Et M. Didier Mathus, (pour terminer en beauté ) a écrit:M. Didier Mathus…Pour resituer le projet de loi dans le mouvement intellectuel des dernières années, il faut revenir sur la révolution numérique. La multiplication des capacités d'échange entre individus sur Internet, avec les plateformes peer-to-peer mais aussi d'autres technologies, a totalement révolutionné les industries de la culture et de l'information. On assiste à une désindustrialisation des échanges culturels, notamment en matière de musique, où les échanges par peer-to-peer offrent une valeur ajoutée en permettant aux adolescents de réaliser leurs compilations personnelles. Ils choisissent eux-mêmes leur diversité culturelle. Elle ne leur est plus imposée d'en haut par un industriel. Je considère cela comme très positif. De même, les blogs et les wikis, dont on a peu parlé mais qui vont prendre une importance considérable, sont en train de révolutionner l'information. Wikipedia, par exemple, et un certain nombre de procédés agrégatifs permettent à chacun de participer, de son ordinateur, à l'élaboration d'une conscience collective et d'une connaissance partagée. Bien sûr, cela remet en cause l'arbre traditionnel de transmission de l'information et de la connaissance détenu jusqu'ici par quelques industriels des contenus, qui décidaient de ce que devaient écouter les gens, et quelques industriels de l'information, qui décidaient de ce qu'ils devaient penser.
Cette révolution, qui met brutalement en cause toutes ces grandes procédures de transmission verticale d'un émetteur vers des récepteurs passifs, entraîne inéluctablement un conflit entre, d'une part, les industriels propriétaires des contenus et des catalogues et, d'autre part, les citoyens internautes qui tentent de faire valoir ce droit nouvellement acquis à l'expression et à la diversité culturelle librement choisie.
La bataille de retardement du Gouvernement, avec le présent projet, ne fait illusion à personne. Elle revient, encore une fois, à vouloir endiguer la mer avec du sable.
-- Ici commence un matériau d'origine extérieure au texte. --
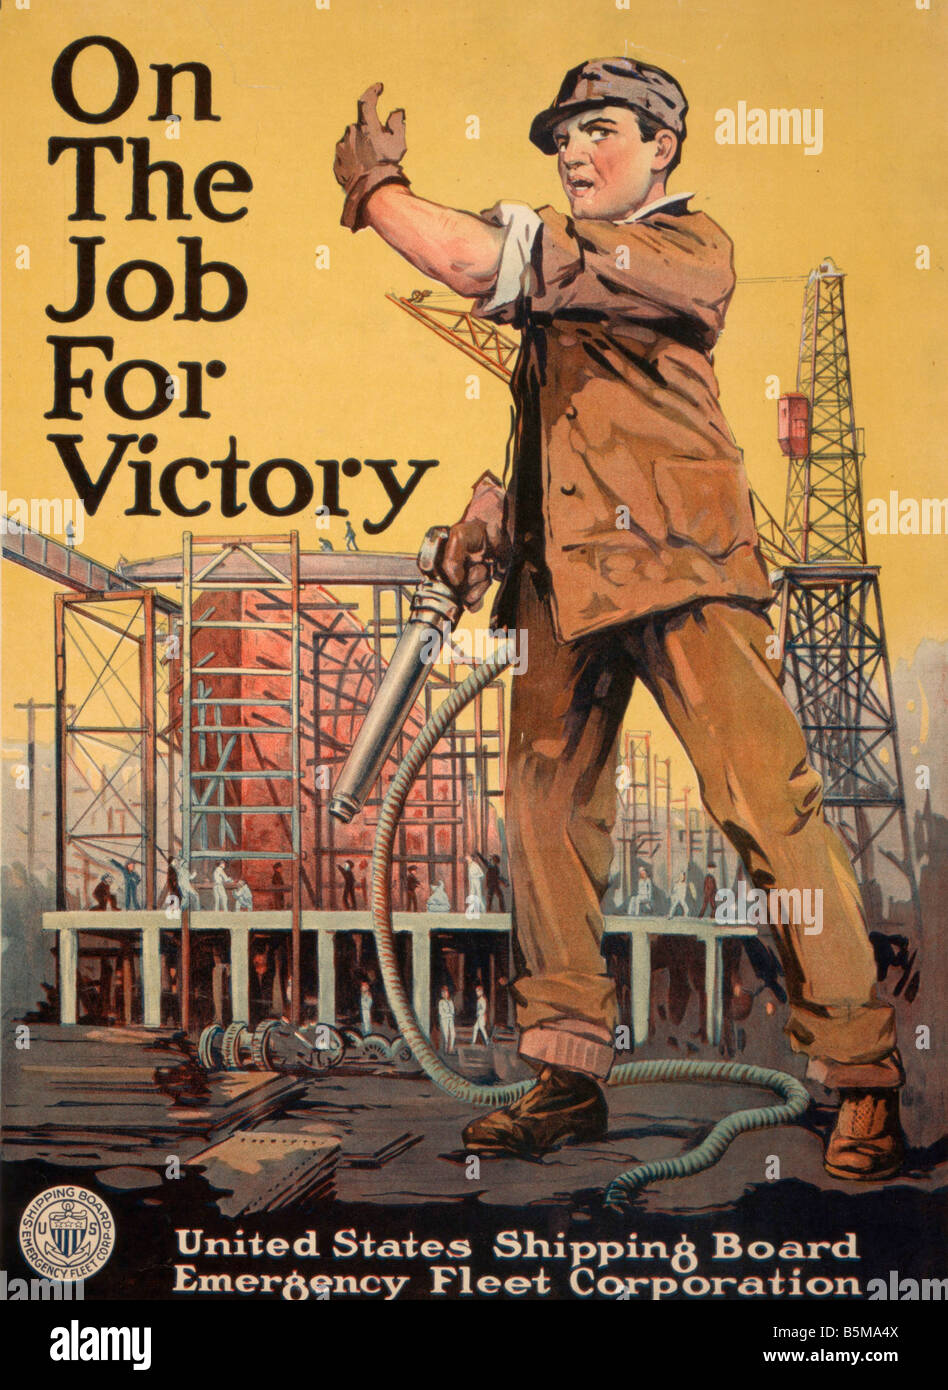 2 G55 P1 1917 55 WW I USA On the job for Victory Poster History World War I Propaganda On the job for victory propaganda by the Stock Photo

Toutes les mesures de pénalisation longuement décrites au fil des articles 13 et 14 seront sans effet réel sur la société d'aujourd'hui car tout le monde sait que la pénalisation massive ne fonctionne pas.
Le gouvernement français est celui qui a choisi la transposition la plus répressive, avec la Grèce. Or on s'aperçoit que, même dans les pays qui ont opté pour des adaptations beaucoup plus ouvertes et respectueuses des libertés individuelles, comme le Danemark et le Royaume-Uni, où les poursuites ne sont lancées que contre certains types d'échanges de fichiers effectués à des fins commerciales, les législations sont peu ou pas appliquées. Les tribunaux ne prononcent pas les sentences parce que, encore une fois, on ne peut pas légiférer contre la société.
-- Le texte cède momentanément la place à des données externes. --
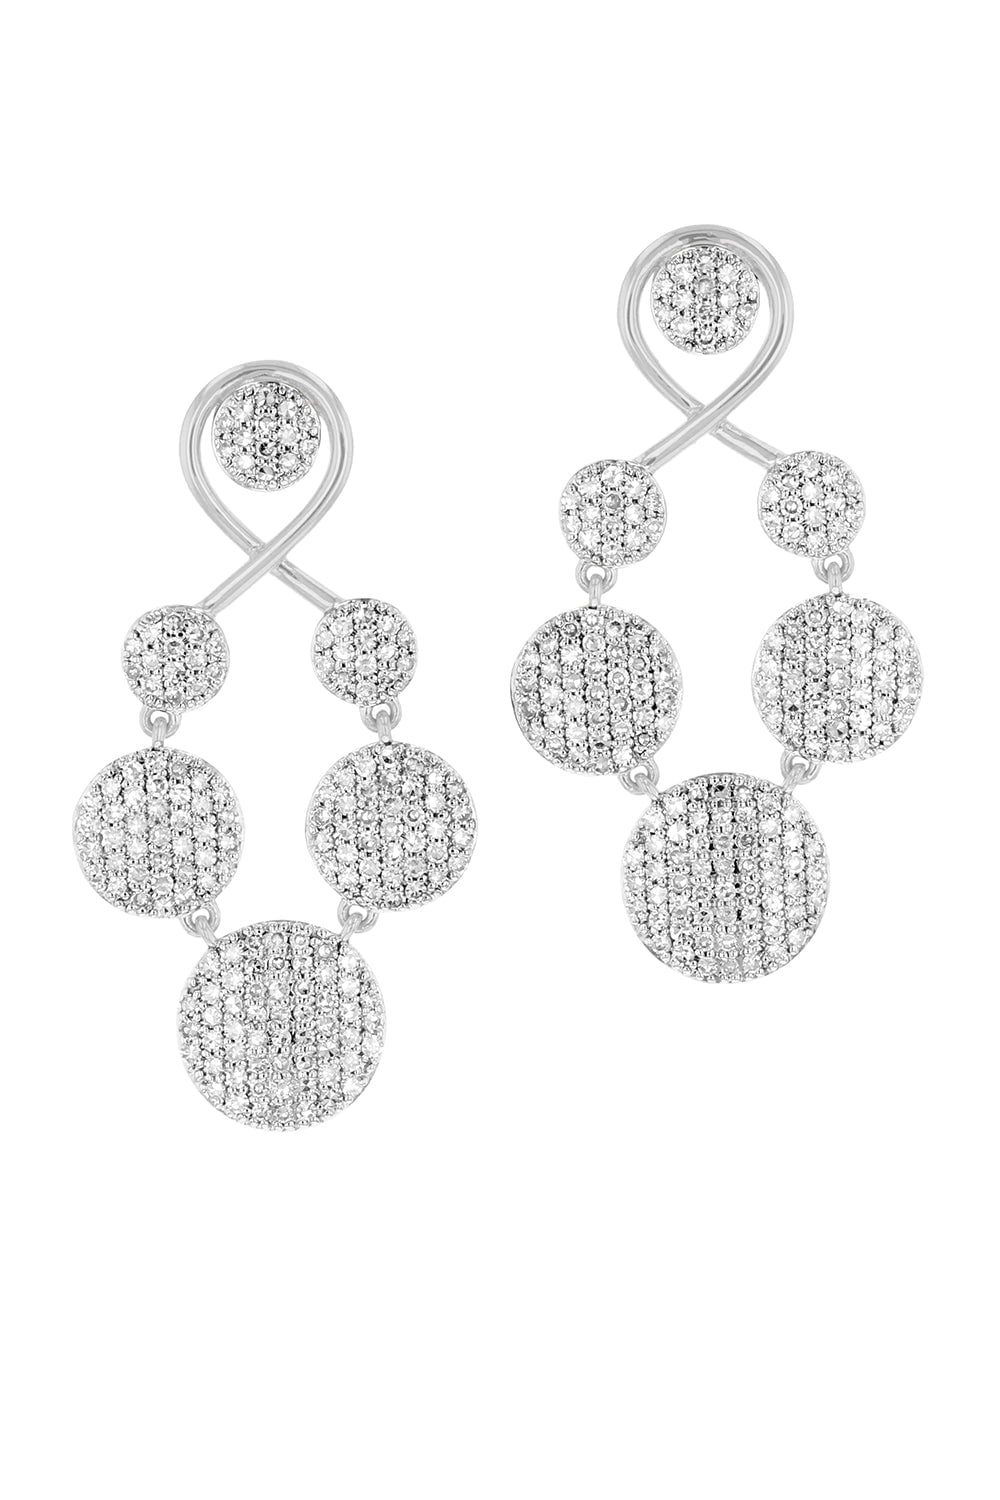 PHILLIPS HOUSE-Infinity Graduated Loop Earrings-WHITE GOLD

La tentative du Gouvernement est vouée à l'échec. Vouloir légiférer contre la société ne peut pas aujourd'hui marcher.
On se trouve face à un problème considérable - le même que dans le domaine de l'industrie biogénétique, lorsque certains industriels comme Monsanto essayent d'imposer des gènes propriétaires : ...
M. Charles Cova. Blablabla !
M. Didier Mathus. ...dans le domaine de la propriété intellectuelle, il y a une telle frénésie d'appropriation, une telle voracité de profits que quelques industriels tentent d'imposer l'idée que tout ce qui circule sur le Net devrait leur appartenir. Cette bataille ne fait que commencer.
Aujourd'hui, le Gouvernement l'emportera sûrement. Il est soutenu par une majorité. Mécaniquement, ce soir ou demain, il arrivera au bout de son calvaire, si j'ose dire. Il aura fait adopter ce projet de loi pour le plus grand bénéfice des industriels des contenus. Mais ce sera une victoire à la Pyrrhus. Il est clair que les aspirations à la liberté et à l'enrichissement culturel seront de toute façon les plus fortes. La volonté de faire de la propriété intellectuelle une espèce de gisement pour actionnaires n'a aucune chance de l'emporter à terme.
La bataille que nous menons sera perdue ce soir ou demain dans cet hémicycle, mais elle sera gagnée dans la société l'an prochain ou dans deux ans.